Problems in the STEP 2: Generate labels of peptide binding residues

twopin / CAMP

predicting peptide-protein interactions

117 stars 30 forks source link

Problems in the STEP 2: Generate labels of peptide binding residues #8

Closed Alyssa-vv closed 1 year ago

Alyssa-vv commented 2 years ago

Anyone can help with the step2?

How to generate the file: './pdb/peptide-mapping.txt'? I can not find the "query_mapping.py" and "target_mapping.py ".

"#python query_mapping.py #to get peptide sequence vectors (the output is "peptide-mapping.txt ")" "#python target_mapping.py #to get target sequence vector"

Thank you!

twopin commented 2 years ago

Hi, Thank you for your interests in our work. I uploaded these two scripts now.

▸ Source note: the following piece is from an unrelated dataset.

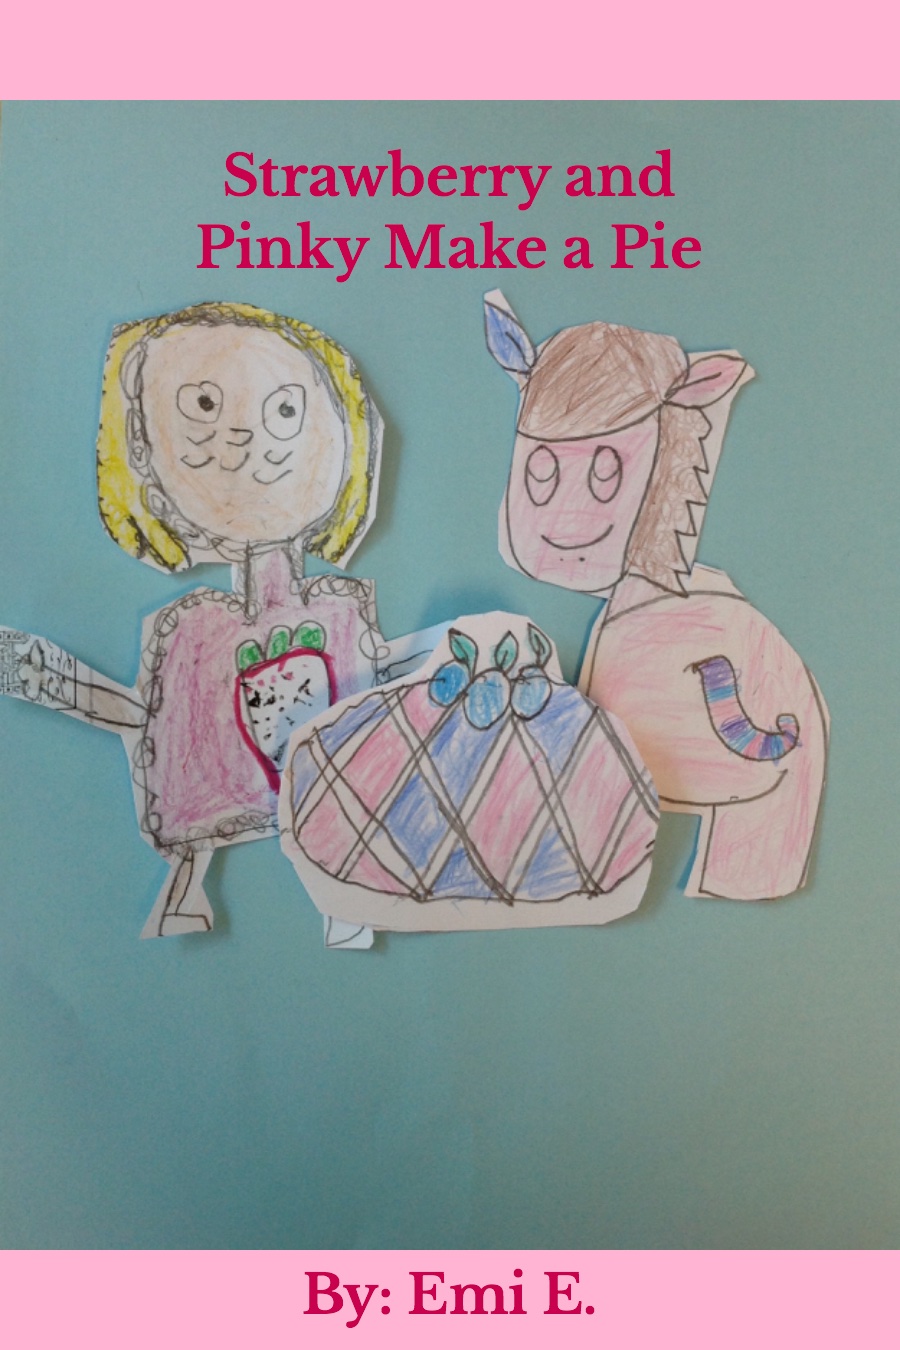 Strawberry and Pinky Make a Pie by Emi E

liuzhelz commented 2 years ago

Anyone can help with the step2?

How to generate the file: './pdb/peptide-mapping.txt'? I can not find the "query_mapping.py" and "target_mapping.py ".

"#python query_mapping.py #to get peptide sequence vectors (the output is "peptide-mapping.txt ")" "#python target_mapping.py #to get target sequence vector"

Thank you!

Hi, @twopin @Alyssa-vv , i have some trouble in dada_prepare/step_2, i can not find crawl_results.csv in the module data_prepare/query-mapping.py, could you give me some help?

Thank you!

twopin commented 2 years ago

Sorry I did not save the intermediate file but you can use your own data. The important part of the script begins from line 49. You can adjust the script according to your own data format.

liuzhelz commented 2 years ago

Sorry I did not save the intermediate file but you can use your own data. The important part of the script begins from line 49. You can adjust the script according to your own data format.

csvfile=open('crawl_results.csv','r')
reader=csv.reader(csvfile)
residue_dict={}
seq_dict={}

for item in reader:
    if reader.line_num==1:  
        continue
    qid=item[0]
    querys.append(qid)
    pep_index=item[1].split(': ') #prot_index=item[3].split(': ')
    residue_dict[item[0]]=pep_index[1]
    seq_dict[item[0]]=item[2].split(': ')[1]#seq_dict[item[0]]=item[4].split(': ')[1]

Hi,@twopin Thank you for your reply. Now I have 'interacted peptide protein pairs from PDB', 'PLIPresults', 'pdbid all fasta' and 'pdb pep_ Chain' files generated from step_1 and PepBDB data set mentioned in the paper, but I don't know what data should be used to generate the 'crawl_results.csv' file？What is the function of this file.

Thank you!

NingNing-C commented 2 years ago

Hi @liuzhelz,

I also have the same problem, did you solve it?

Many thanks!

twopin commented 2 years ago

Hi @liuzhelz @NingNing-C Sorry that I didn't reply earlier. I've uploaded a script called crawl.py to generate such results.

NingNing-C commented 2 years ago

Hi @twopin, Thanks so much for your quick reply, but I can't find the script crawl.py, could you please check it?

Hi @liuzhelz @NingNing-C Sorry that I didn't reply earlier. I've uploaded a script called crawl.py to generate such results.